Expert opinions on making GDPR usable
Johanna Johansen

TL;DR
This study validates concepts and methods for making GDPR more usable by gathering expert opinions across legal, certification, and usability fields, highlighting open problems and the need for usability evaluation tools.
Contribution
It introduces and evaluates four new concepts—Usable Privacy definition, goals, criteria, and the Usable Privacy Cube model—using expert opinions to support GDPR usability improvements.
Findings
Experts agree on the importance of usability evaluation for GDPR compliance.
The expert opinions reveal open problems and future research directions.

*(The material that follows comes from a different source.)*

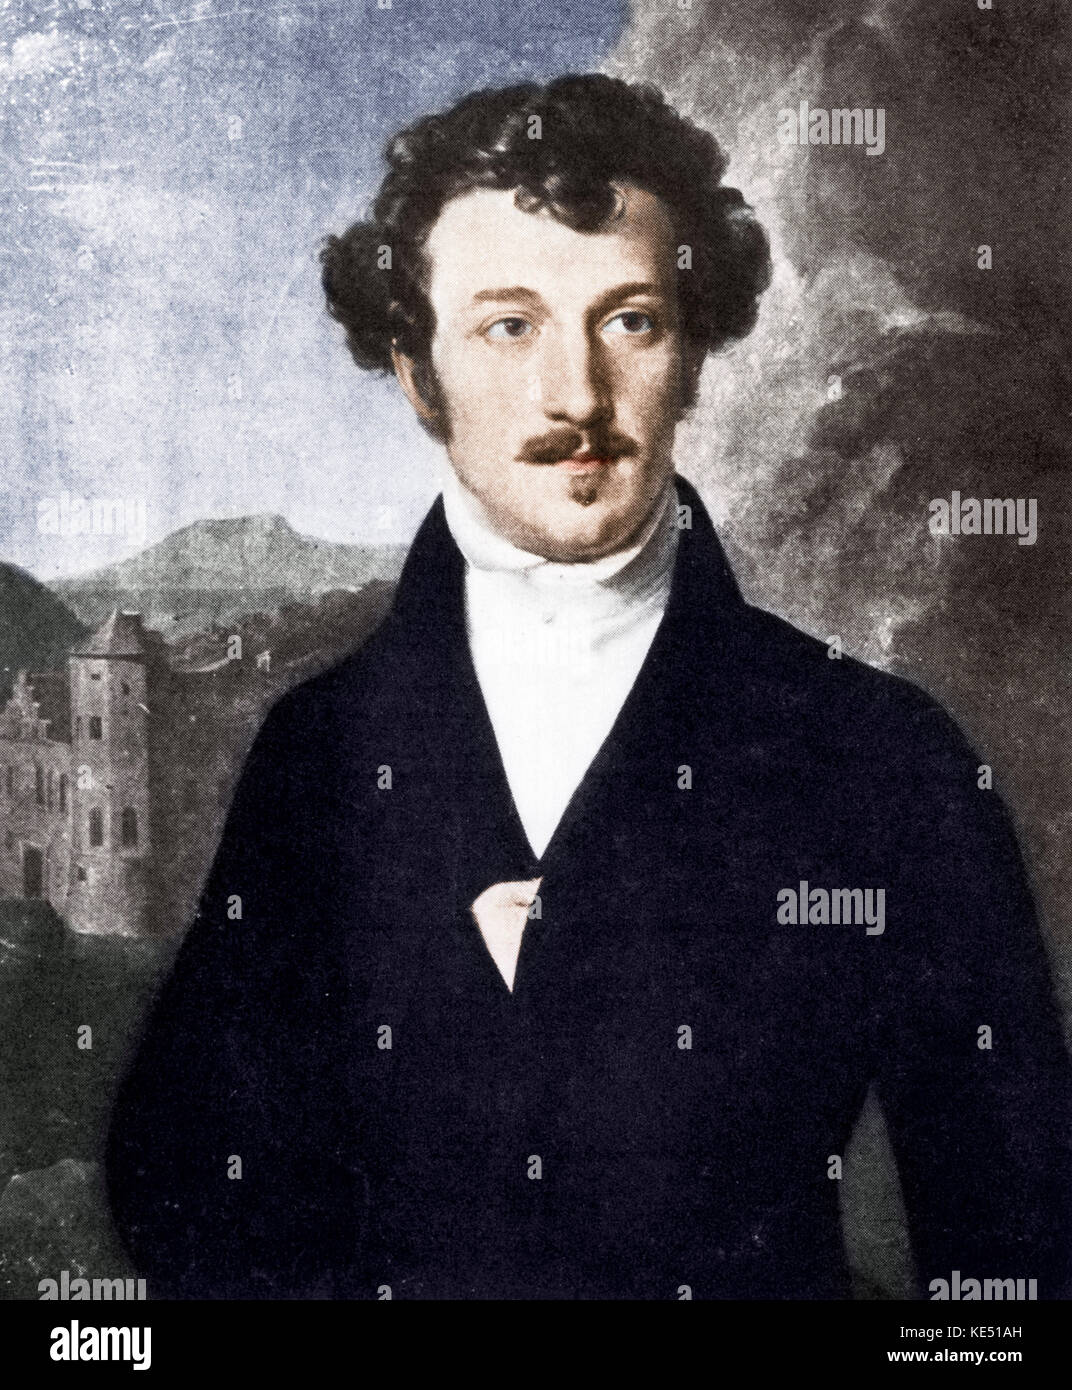 Franz von Schober - Ritratto di tedesco lo scrittore e poeta, 17 maggio 1798 - 13 settembre 1882 - il più vicino di tutti Schubert amici Foto Stock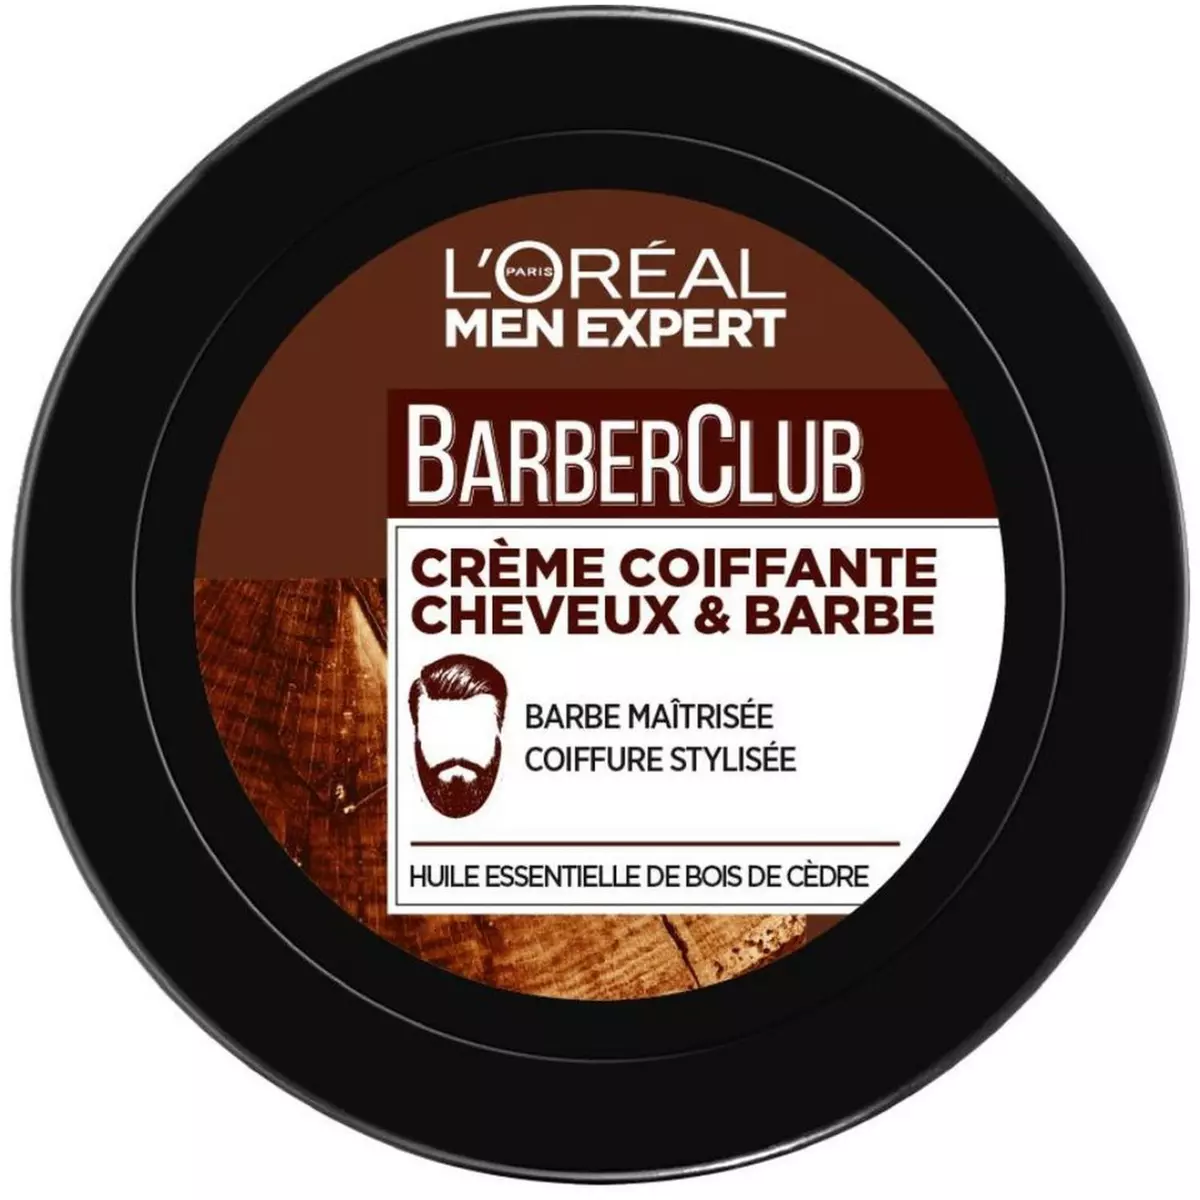 L'OREAL Barber Club crème coiffante cheveux & barbe 75ml

The study supports the need for measurable usability assessments in privacy.
Abstract
We present the results of a study done in order to validate concepts and methods that have been introduced in (Johansen and Fischer-Hubner, 2020. "Making GDPR Usable: A Model to Support Usability Evaluations of Privacy." in IFIP AICT 576, 275-291). We use as respondents in our interviews experts working across fields of relevance to these concepts, including law and data protection/privacy, certifications and standardization, and usability (as studied in the field of Human-Computer Interaction). We study the experts' opinions about four new concepts, namely: (i) a definition of Usable Privacy, (ii) 30 Usable Privacy Goals identified as excerpts from the GDPR (European General Data Protection Regulation), (iii) a set of 25 corresponding Usable Privacy Criteria together with their multiple measurable sub-criteria, and (iv) the Usable Privacy Cube model, which puts all these together with…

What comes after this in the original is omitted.